O limite aos abusivos juros remuneratórios praticados hoje no mercado financeiro tem fundamento constitucional e infraconstitucional. A sede constitucional do limite não se encontra apenas no art. 192, § 3°, da Carta Magna, que o Supremo Tribunal reputou dispositivo de eficácia limitada, mas principalmente na dignidade da pessoa humana, função social do contrato e da ordem econômica, bem como na busca do desenvolvimento social e diminuição de desigualdades.
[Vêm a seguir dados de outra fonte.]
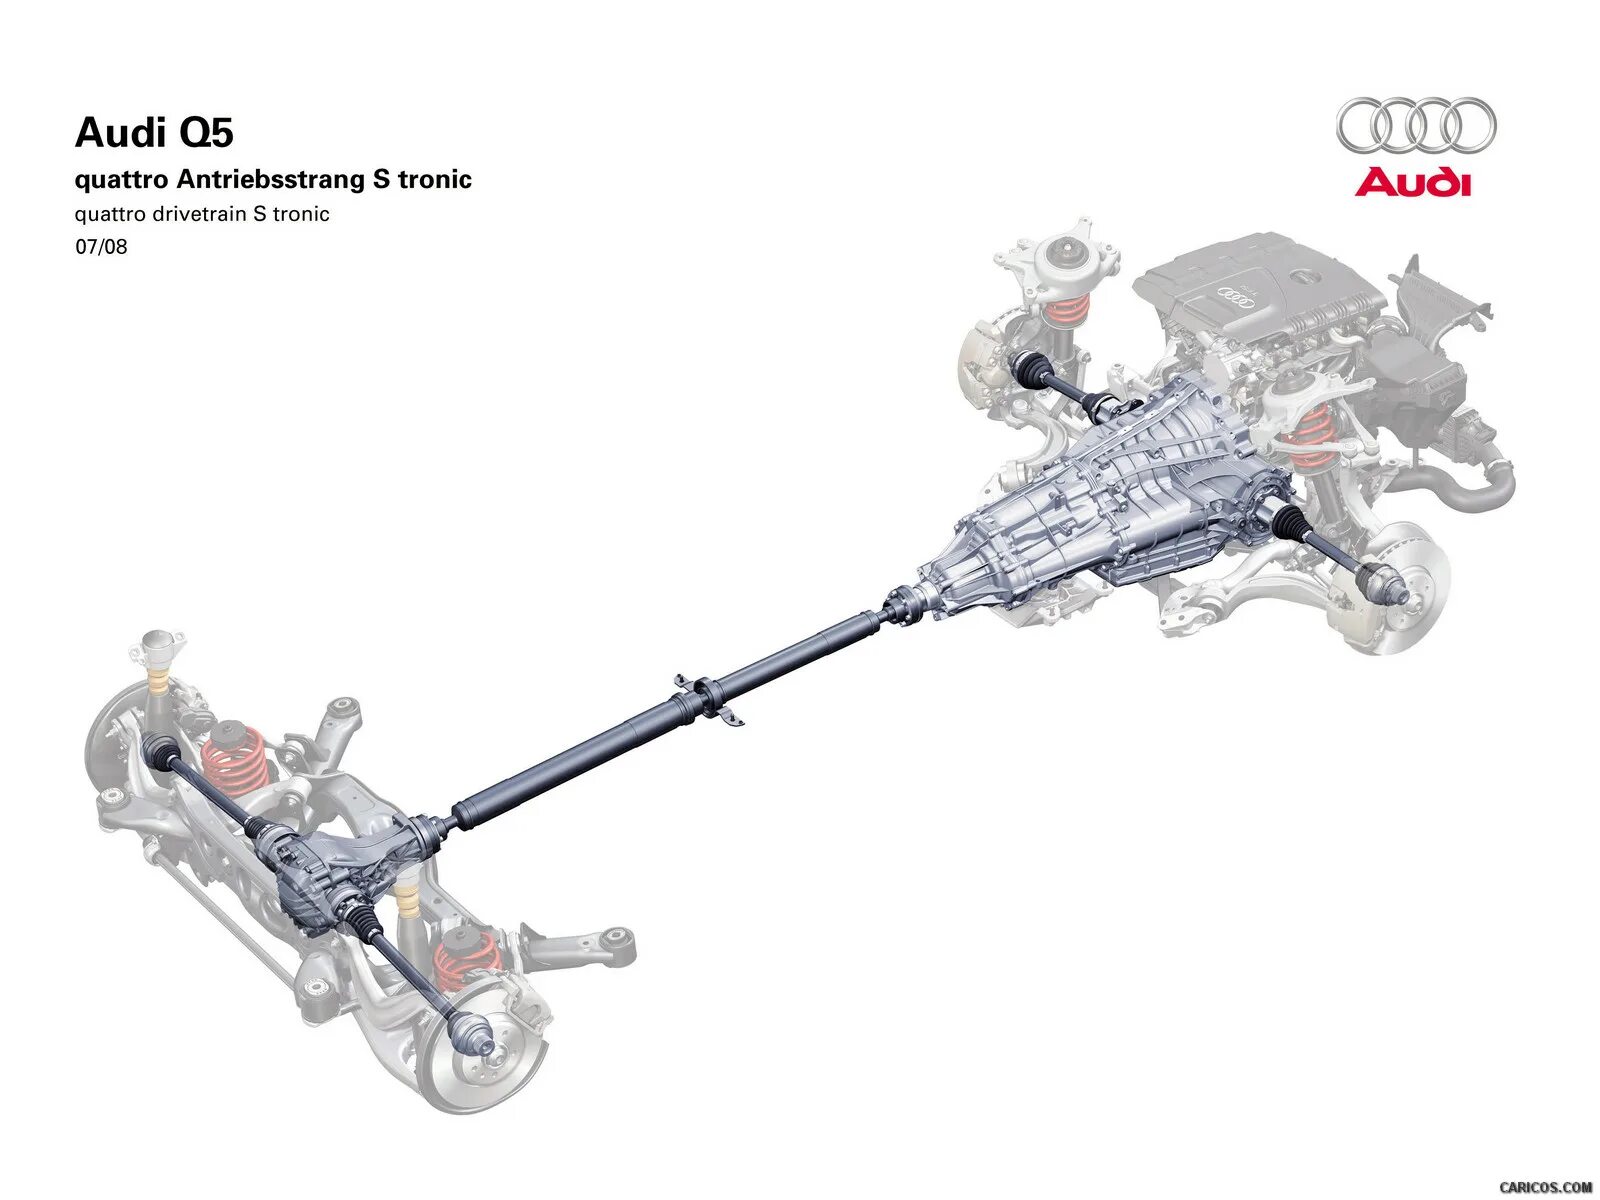 Ауди а6 передний привод. Трансмиссия q5 кватро. Audi q5 1 поколения трансмиссия. Полный привод Audi q5. Схема трансмиссии Audi q5.

O ordenamento jurídico infraconstitucional, que recebe todo o influxo da inversão valorativa efetuada pela Constituição, em prol da dignidade da pessoa humana e em detrimento do patrimônio, apresenta topois argumentativos que permitem levar a cabo o ideal constitucional de limitação da taxa de juros.

A corrente doutrinária e jurisprudencial, segundo a qual as instituições financeiras não se submetem aos limites da Lei da Usura, com arrimo na súmula n° 596 do Supremo Tribunal, perdeu forças.

De um lado, a doutrina desenvolveu variada e consistente argumentação no sentido da limitação da taxa de juros, com base na Lei dos Crimes contra a Economia Popular, na Lei da Usura, no princípio da Igualdade, na limitação constitucional da competência do Conselho Monetário Nacional, podendo também ser aplicados o Código de Defesa do Consumidor e os princípios contratuais contemporâneos.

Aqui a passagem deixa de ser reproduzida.